Modes of Teaching, Learning and Assessment and how these contribute to the learning outcomes of the module
- Student learning is facilitated by a combination of lectures to set the foundations for further study and to provide the basis for the acquisition of subject specific knowledge.
- Lectures provide a broad framework which defines individual module content, introducing students to themes, debates and interpretations. In this environment, students are given the opportunity to develop skills in listening, selective note-taking and reflection.
- Seminars to allow students to present and critically reflect upon the acquired subject-specific knowledge, methodologies and theories, and to identify and debate a range of issues and differing opinions. The seminar is the forum in which students are given the opportunity to communicate ideas, jointly exploring themes and arguments. Seminars are structured to develop understanding and designed to maximise student participation related to prior independent preparation. Seminars give students the opportunity to develop oral communication skills, encourage critical and tolerant approaches to reasoned argument and historical discussion, build the students' ability to marshal historical evidence, and facilitate the development of the ability to summarise historical arguments, think in a rapidly changing environment and communicate in a persuasive and articulate manner, whilst recognising the value of working with others and, occasionally, towards shared goals.
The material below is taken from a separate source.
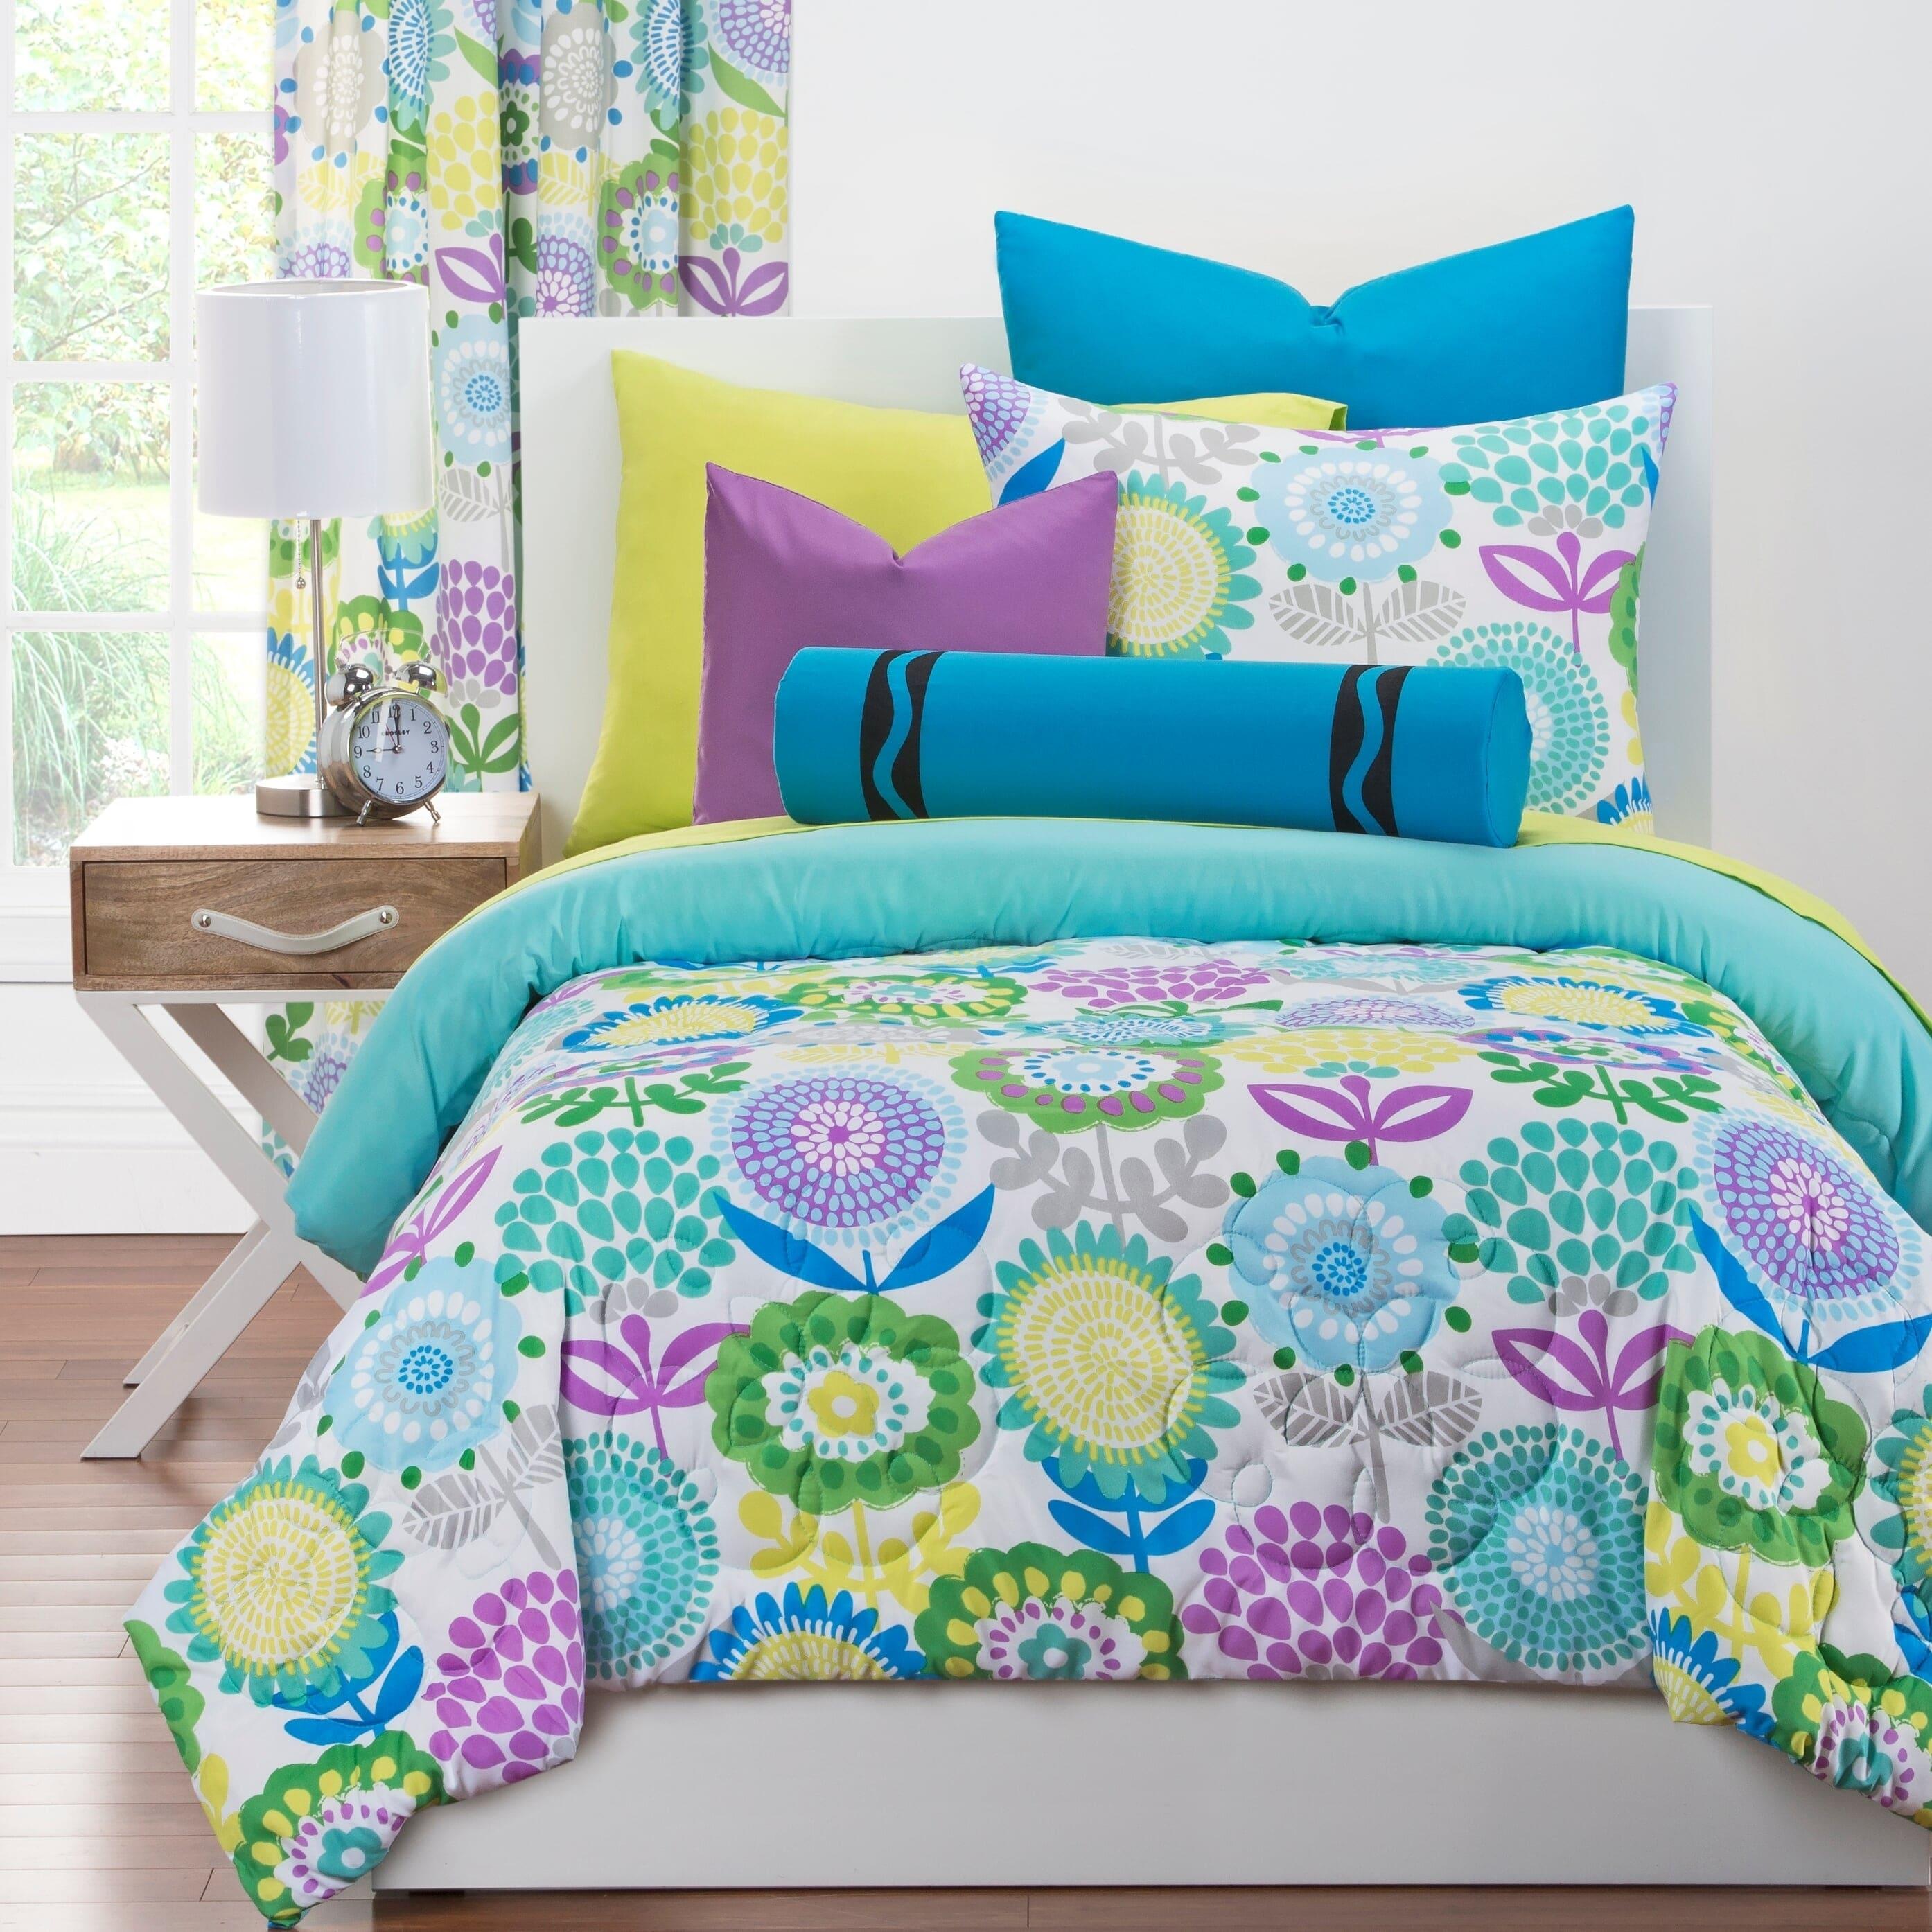 Crayola Pointillist Pansy 3 Piece Comforter Set Overstock 10302171 Twin

The seminar will also be the primary forum for developing students skills in reading and criticising primary sources.
- Assessment: Examinations test students' ability to work under pressure under timed conditions, to prepare for examinations and direct their own programme of revision and learning and develop key time management skills. The examination gives students the opportunity to develop relevant life skills such as the ability to produce coherent, reasoned and supported arguments under pressure. Students will be examined on subject specific knowledge.
- The summative essay remains a central component of assessment in history, due to the integrative high-order skills it develops. It allows students the opportunity to recognise, represent and critically reflect upon ideas, concepts and problems; students can demonstrate awareness of, and the ability to use and evaluate, a diverse range of resources and identify, represent and debate a range of subject-specific issues and opinions. Through the essay, students can synthesise information, adopt critical appraisals and develop reasoned argument based on individual research; they should be able to communicate ideas in writing, with clarity and coherence; and to show the ability to integrate and critically assess material from a wide range of sources.
Teaching Methods and Learning Hours
| Activity | Number | Frequency | Duration | Total/Hours | Attendance Monitored |
|---|---|---|---|---|---|
| Lectures | 20 | Weekly in Terms 1 and 2 | 1 hour | 20 | |
| Seminars | 5 | Across the teaching year | 1 hour | 5 | Yes ■ |
| Preparation and Reading | 175 | ||||
| Total | 200 |
Summative Assessment
| Component: Essay | Component Weighting: 40% | ||
|---|---|---|---|
| Element | Length / duration | Element Weighting | Resit Opportunity |
| Essay | Maximum of 2,000 words, excluding bibliography and footnotes | 100% | |
| Component: Examination | Component Weighting: 60% | ||
| Element | Length / duration | Element Weighting | Resit Opportunity |
| On Campus Written Examination | 2 hours | 100% | |
Formative Assessment:
The formative assignment is the one-page summative essay plan/outline due Week 31.
■ Students who do not attend monitored activities shown under Teaching Methods and Learning Hours, or who fail to complete the summative or formative assessment(s) specified above, may be subject to the Academic Progress procedures defined in the University's General Regulation V, and may be required to leave the University.